Patients with stages IIIB with pleural effusion and IV NSCLC were included to receive PC, and randomly assigned to receive ATRA 20 mg/m(2)/d (RA/PC) or placebo (P/PC) 1 week before treatment until two cycles were completed. RAR-beta2 expression was analyzed in tumor and adjacent lung tissue.

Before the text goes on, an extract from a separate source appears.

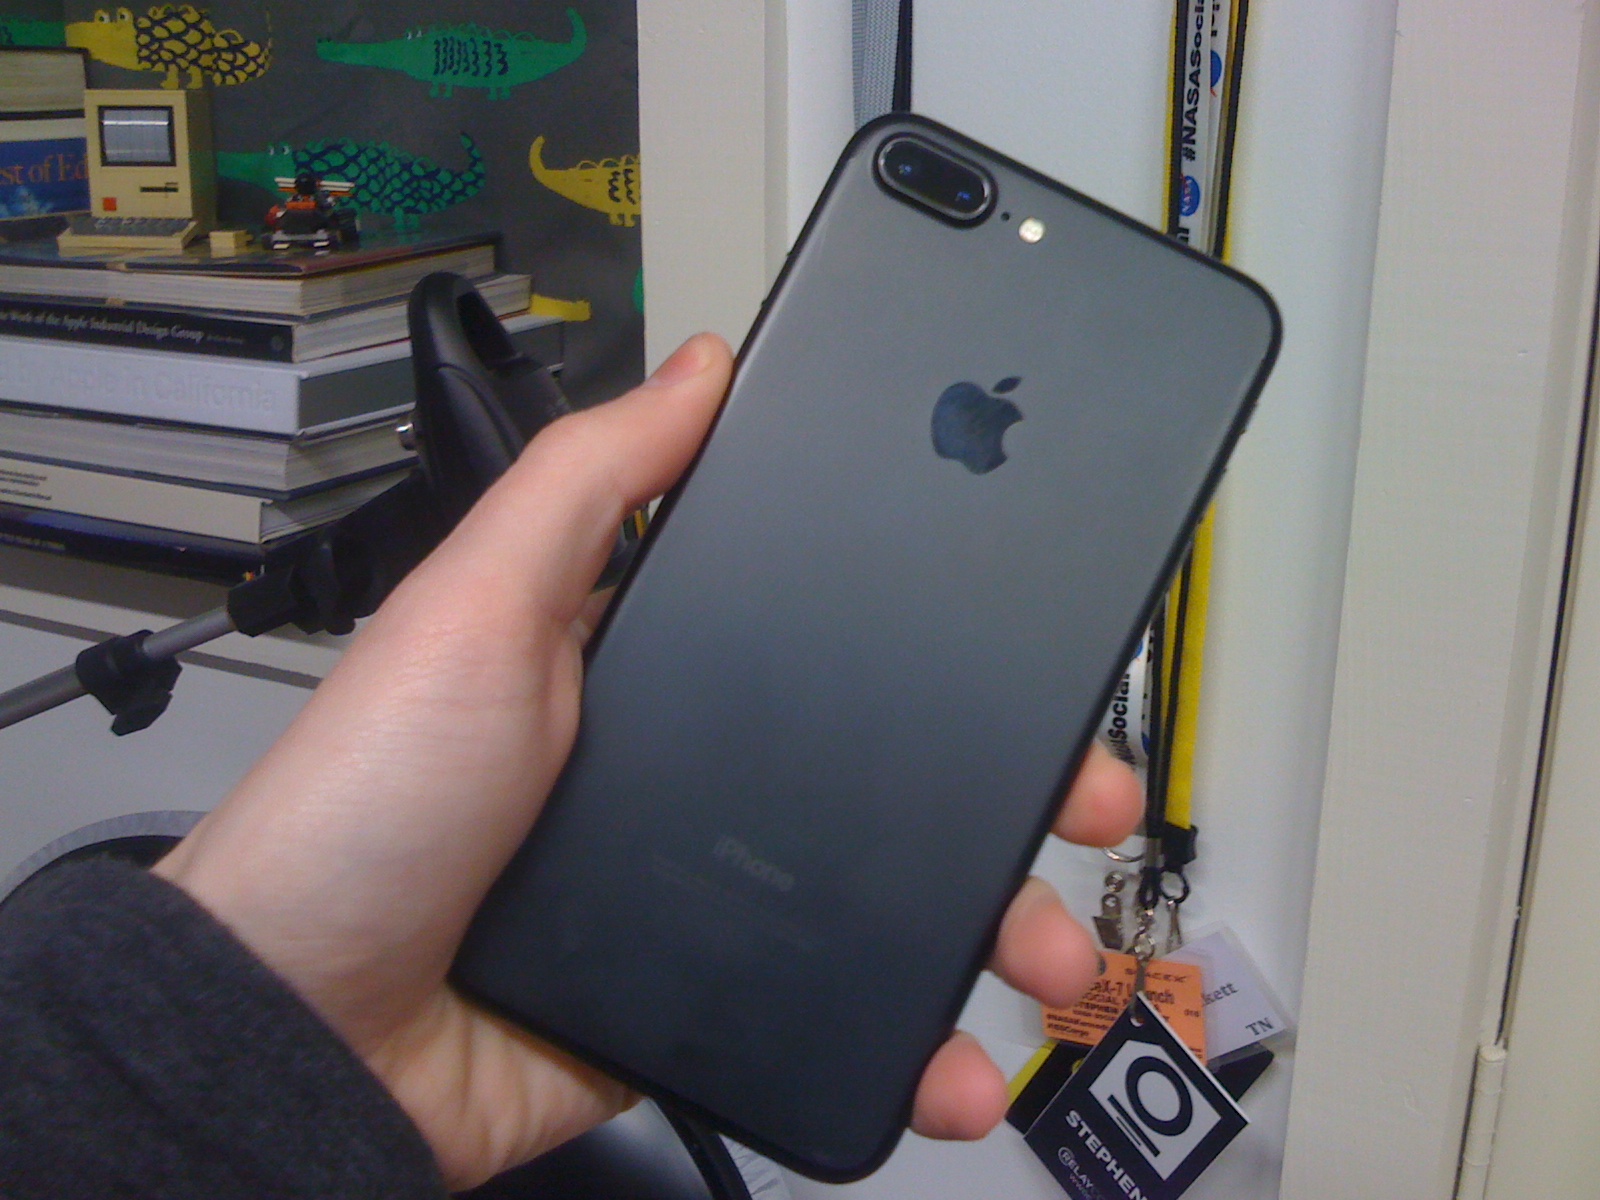 iPhone 7 Plus, taken with original

One hundred seven patients were included, 55 in the P/PC group and 52 in the RA/PC group. RR for RA/PC was 55.8% (95% CI, 46.6% to 64.9%) and for P/PC, 25.4% (95% CI, 21.3 to 29.5%; P = .001). The RA/PC group had a longer median PFS (8.9 v 6.0 months; P = .008). Multivariate analysis of PFS showed significant differences for the RA/PC group (hazard ratio, 0.62; 95% CI, 0.4 to 0.95). No significant differences in toxicity grade 3/4 were found between groups, except for hypertriglyceridemia (10% v 0%) in RA/PC (P = .05). Immunohistochemistry and reverse-transcriptase polymerase chain reaction assays showed expression of RAR-beta2 in normal tissues of all tumor samples, but only 10% of samples in the tumor tissue.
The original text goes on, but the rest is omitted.